В трубе запела метель. Соколовский тщательно прикрыл за собой дверь, предварительно проверив запор на темнице, и вышел на промысел. У порога остался лежать Абрек. Через минуту он с глухим рычанием бросился к темнице: услышал, как самодельный нож точил дерево. Да, если Соколовский вздумает поселить Абрека в землянке, дело будет плохо: его уши слышат даже во сне.

Пользуясь уходом тюремщика, пленник не обращал внимания на беснующегося Абрека, резал дерево с такой яростью, что руки скоро покрылись кровавыми мозолями. Это было совсем некстати, опять погорячился: тюремщик мог заметить мозоли, понять, чем занимается Колядин. Но прекращать дело нельзя. И, орудуя заточенным костылем как долотом, егерь в этот день столь успешно продвинулся к своей цели, что еле сдержал крик радости, когда чуть не пробил плаху с одного бока навылет…

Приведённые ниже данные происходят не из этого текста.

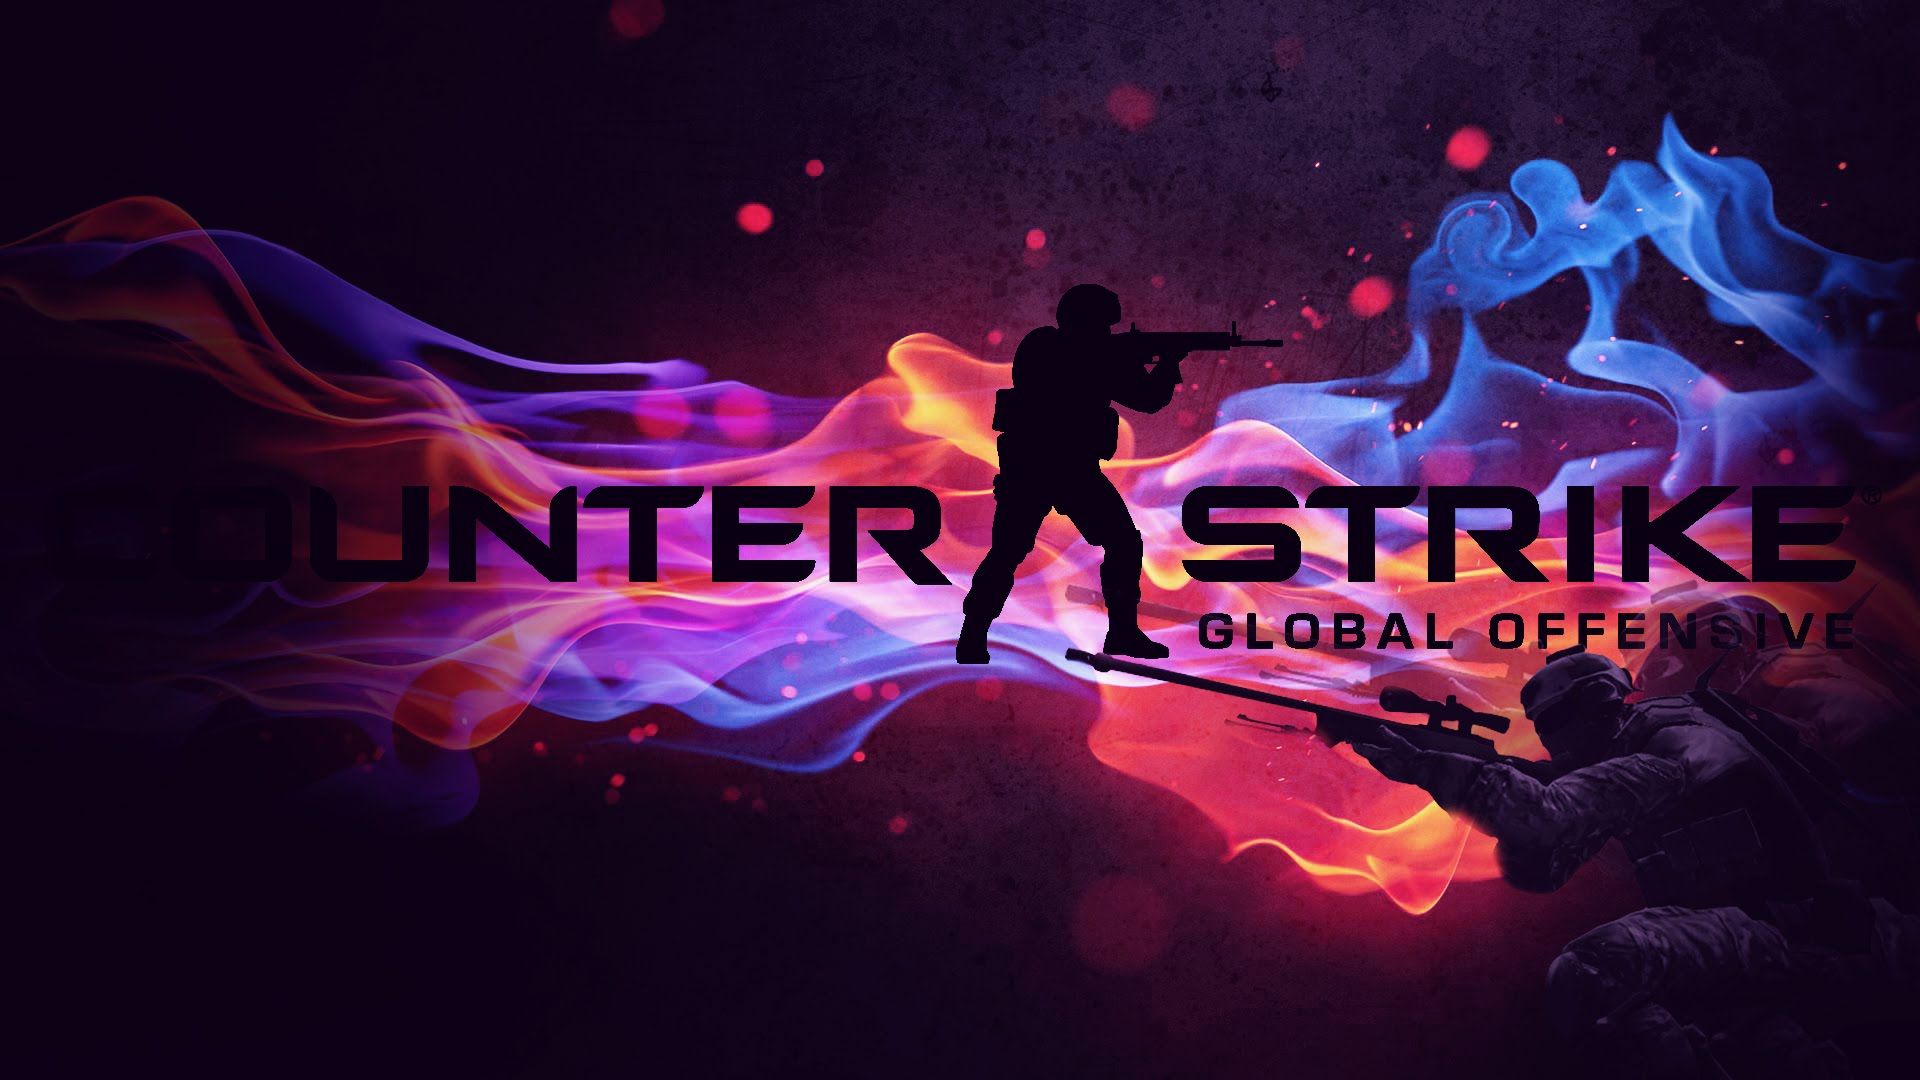 Counter-Strike: Global Offensive | Wallpaper - YouTube

Соколовский вернулся под вечер встревоженный.

— Слышишь, Прошка-Василий, не унимаются твои люди. Шляются вокруг, будто им другого места нет. Один какой-то дурак забрался на тот кедр, помнишь, здоровущий? У самого-то ущелья? Но, видать, не шишкарь. Не за кедровыми орехами полез. С биноклем сидел… Надо, однако, перебираться отсюда. За перевалом, ближе к Приморью, будет, наверное, спокойнее. Жалко только доброго места, но смастерю другую землянку. А эта в запас останется. Не скоро ее найдут, разве случайно…

Соколовский вышел, принес охапку дров на ночь: печь всегда топилась только под вечер, когда густые сумерки наплывали на тайгу. Ни разу не отступил он от этого правила, хотя порой в продутой за сутки землянке бывало для Василия Никифоровича нестерпимо холодно.

Да, этот зверь умел скрыть свое логово.

ОПЕРАТИВНАЯ ГРУППА

Говорят, человек, отправившись в дорогу, первую половину пути думает о том, что он забыл дома, а вторую — что ждет его впереди. И Касьянов не был исключением. Под грохот вездехода он вспоминал расставание с женой, ее напутствия. Затем перебирал в памяти детали последнего разговора с Сабуровым и, наконец, задумался о своих помощниках: горячем и смелом лейтенанте Ахметове, о Савельеве, сдержанном и неустрашимом…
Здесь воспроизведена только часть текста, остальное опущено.